- Accesso stradale
- ottimo ampio parcheggio a bordo strada
Premessa: salita assolutamente non alpinistica (come nella relazione che c’era e ho corretto).Inoltre non ha senso salire il canale sud-ovest come molti hanno scritto, quando la salita dal versante sud non presenta alcuna difficoltà se non per la fatica della pendenza su terreno sfasciumoso e privo di sentiero (EE puro non di più).
Partenza da Castello con cielo velato e vento moderato ma temperatura gradevole. Salita per i Vallone delle Giargiatte, bei colori nel lariceto e ambiente molto selvaggio e poco battuto oggi. Raggiunto il Passo di San Chiaffredo, qualche raffica di vento più sostenuta poi improvvisamente è calato, nel frattempo il cieloè diventato terso. Avevo già scartato l’idea di salire l’infido canale ovest seguendo il suggerimento della gita di Giada di salire dal canalone sud, che sembra molto ripido ma in realtà si sale senza difficoltà. La parte iniziale su ghiaioni è la più faticosa, ma dopo 70-80 m di dislivello basta spostarti sul lato sinistro tra terrazzi di roccette ed erba per salire decisamente più comodi (non si usano mai le mani). Gli stessi terrazzi sono molto ampi e mai esposti occorre solo un po’ di cautela per la presenza del ghiaietto scivoloso. Raggiunto quindi la cima senza alcun problema, da dove la vista sul versante sud del Monviso è sempre spettacolare e inquientate.

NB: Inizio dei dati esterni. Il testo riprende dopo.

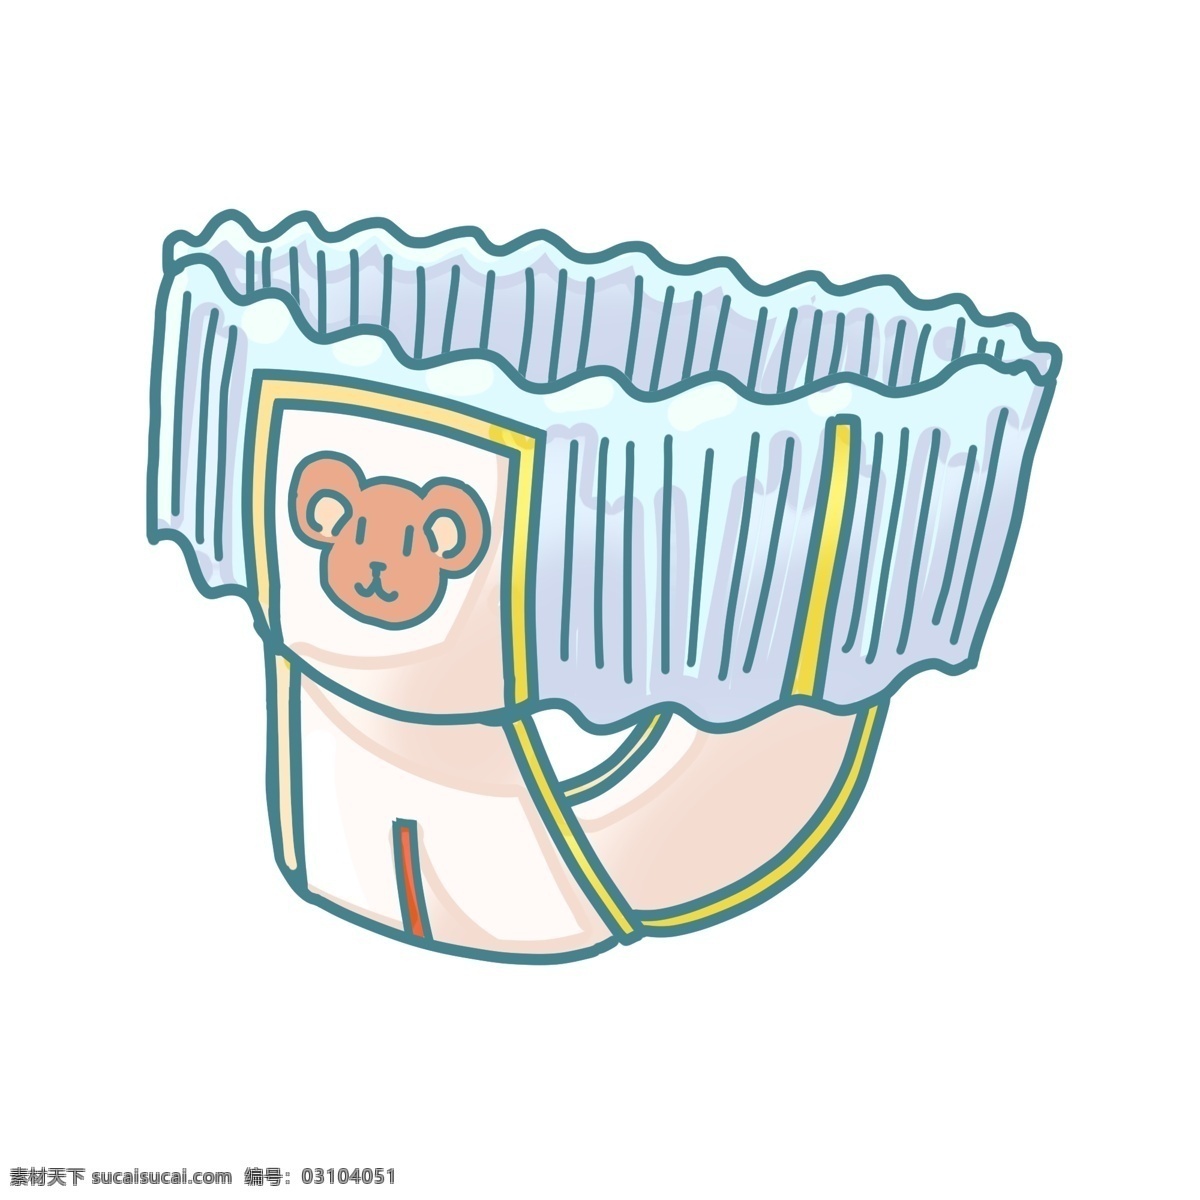 卡通 婴儿 纸尿裤 插画 婴儿用品插画 创意插画 蓝色的花边 婴儿纸尿裤 卡通小熊 卡通纸尿裤

Dopo una lunga sosta in maniche corte in cima, sceso velocemente (5 minuti dalla cima alla base del pendio) sfruttando i divertenti ghiaioni.
Quindi proseguito per l’anello, salendo in fretta al Passo Calatà dove mi sono concesso la deviazione per Punta Malta, già salita in passato ma che è sempre un bel posto. Così facendo ho anche trovato il modo di scendere direttamente nel sottostante Vallone dei Duc; è sufficiente seguire una vaga traccia che scende dal pendio sud e raggiunge una piccola sella, dove a sinistra si nota un canalino che scende nel vallone. Si può o scendere per il canalino, oppure meglio tenersi sul bordo destro dove una serei di comodi terrazzi di roccia ed erba portano direttamente a ricongiungersi con il sentiero proveniente dal Passo Calatà. Da qui seguendo il sentiero del Vallone dei Duc si torna a Castello. A tratti questo percorso è molto bello e selvaggio, anche se risulta poco scorrevole nelle parti di pietraia. Un po’ monotono il tratto dal Rifugio Bagnour a Castello, oggi molto polveroso. E’ comunque un anello molto consigliabile, seppur non proprio breve.
Poca gente in questi valloni, solo un paio di coppie incontrate nei pressi di Punta Malta. Colori meravigliosi e giornata che inizialmente sembrava cupa, si è poi trasformata in una giornata tardo estiva molto calda.